The Backlight

– that is absolutely correct. Have a look at the spectra I posted here - you clearly can see the rather sharp peak of a blue LED plus the additional broad peak of the photoluminescent dye creating the impression of a “white” LED. Depending on the material parameters, nowadays you can get rather flat spectra afterall (see the spectrum 5000K posted by @PM490 just above my post). So nowadays, you do get white-light LEDs which have decent flat spectrum.

Actually, I think one topic is often overlooked when discussing LED illumination with respect to scanning color reversal film. First, no every white “LED” is created equal (see above). Than, even a perfectly flat spectrum will no correspondent to the spectrum of the projection lamp used to view the film in the old days - neither a halogen or xenon lamp does have a flat spectrum.
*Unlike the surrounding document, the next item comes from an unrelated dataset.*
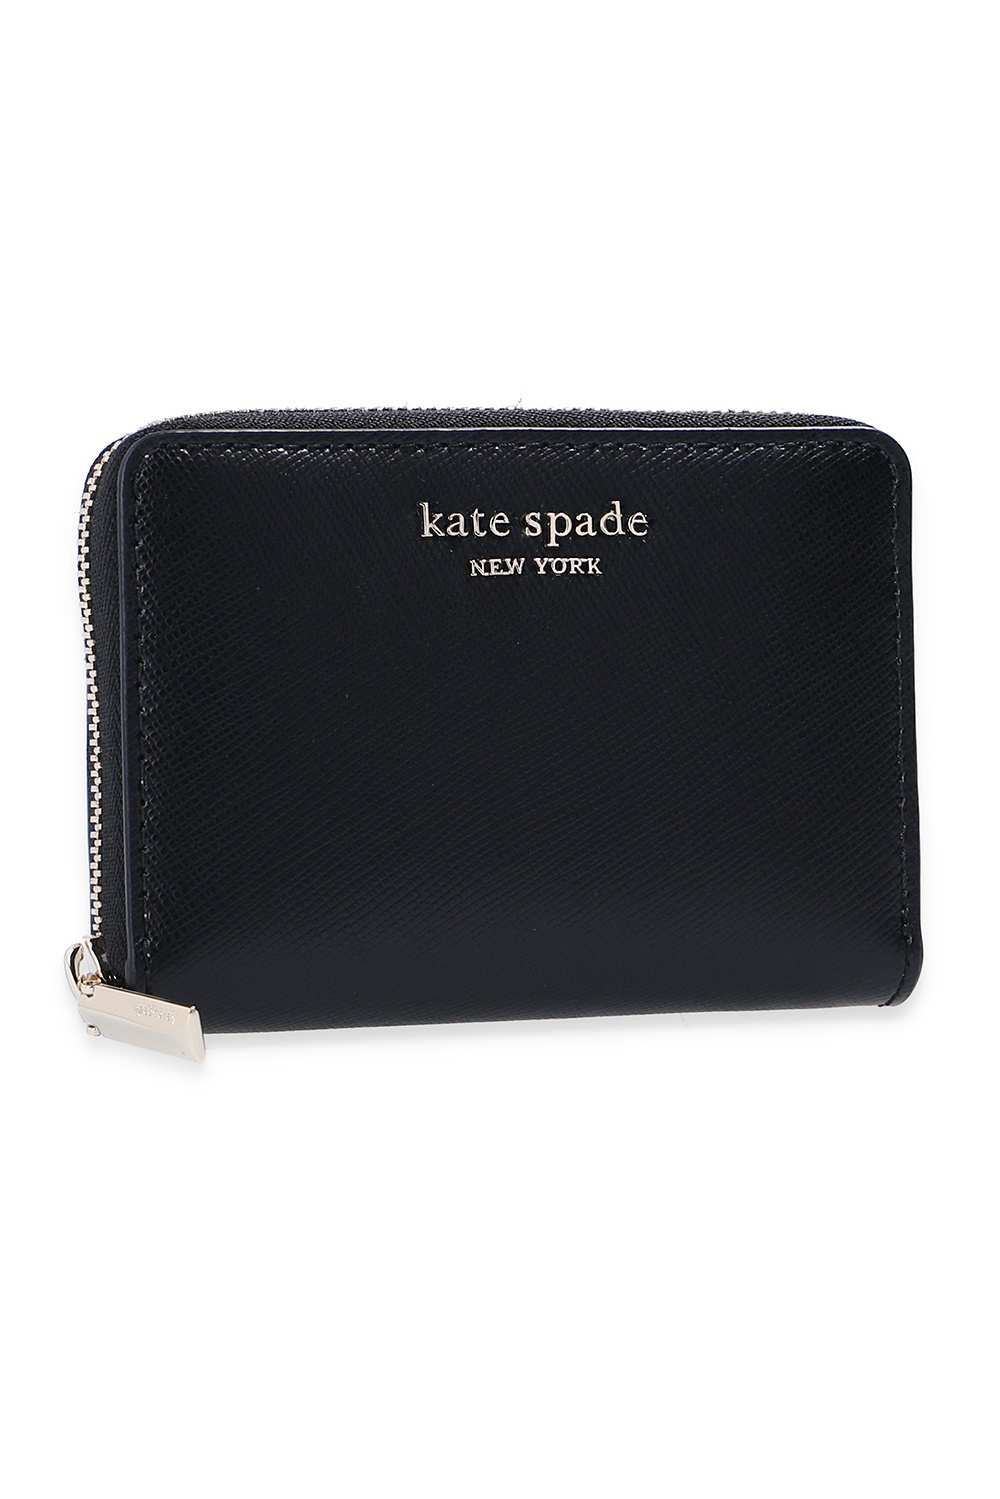 Kate Spade Scarves / shawls

Now, the topic I would like to discuss is the following: film dyes were designed with a certain light source in mind - within that setting, a very good color balance throughout the full color space was obtained. However, using a light source with a different spectrum will introduce subtle color shifts within certain color ranges, depending on the spectral filter properties of the film’s dyes.

Well, from a signal-processing point of view, that should not really matter too much - you can adjust all of this in post production, provided you work with a sufficient bit depth along your signal path.

However, if you do not use a broad-spectrum LED setup, but a LED-source composed of single red, green and blue LEDs, you do end up with a spectrum composed of three rather narrow peaks. If these peaks are perfectly matched to the dyes of the film and the filter curves of your scanning camera, you will be rewarded with a great color definition (in terms of saturation mainly). But: what will work well for one film stock will not work that well for another one, at least in my experience. I am using for scanning a light source of different red, green and blue LEDs, mixed together in an integrating sphere. The Super-8 material I am scanning shows noticable variations in terms of color definition. While this is expected for different film stock (like Kodak or Agfa material), you notice even within a single film variations at that point in time when the material came from a different 15m-cassette. I think that effect is related to the difference of scanning a film at three well-defined spectral peaks (combination of red, green and blue LED) versus scanning the film with a broad spectrum (white LED, sampling over a larger spectral range for each color channel).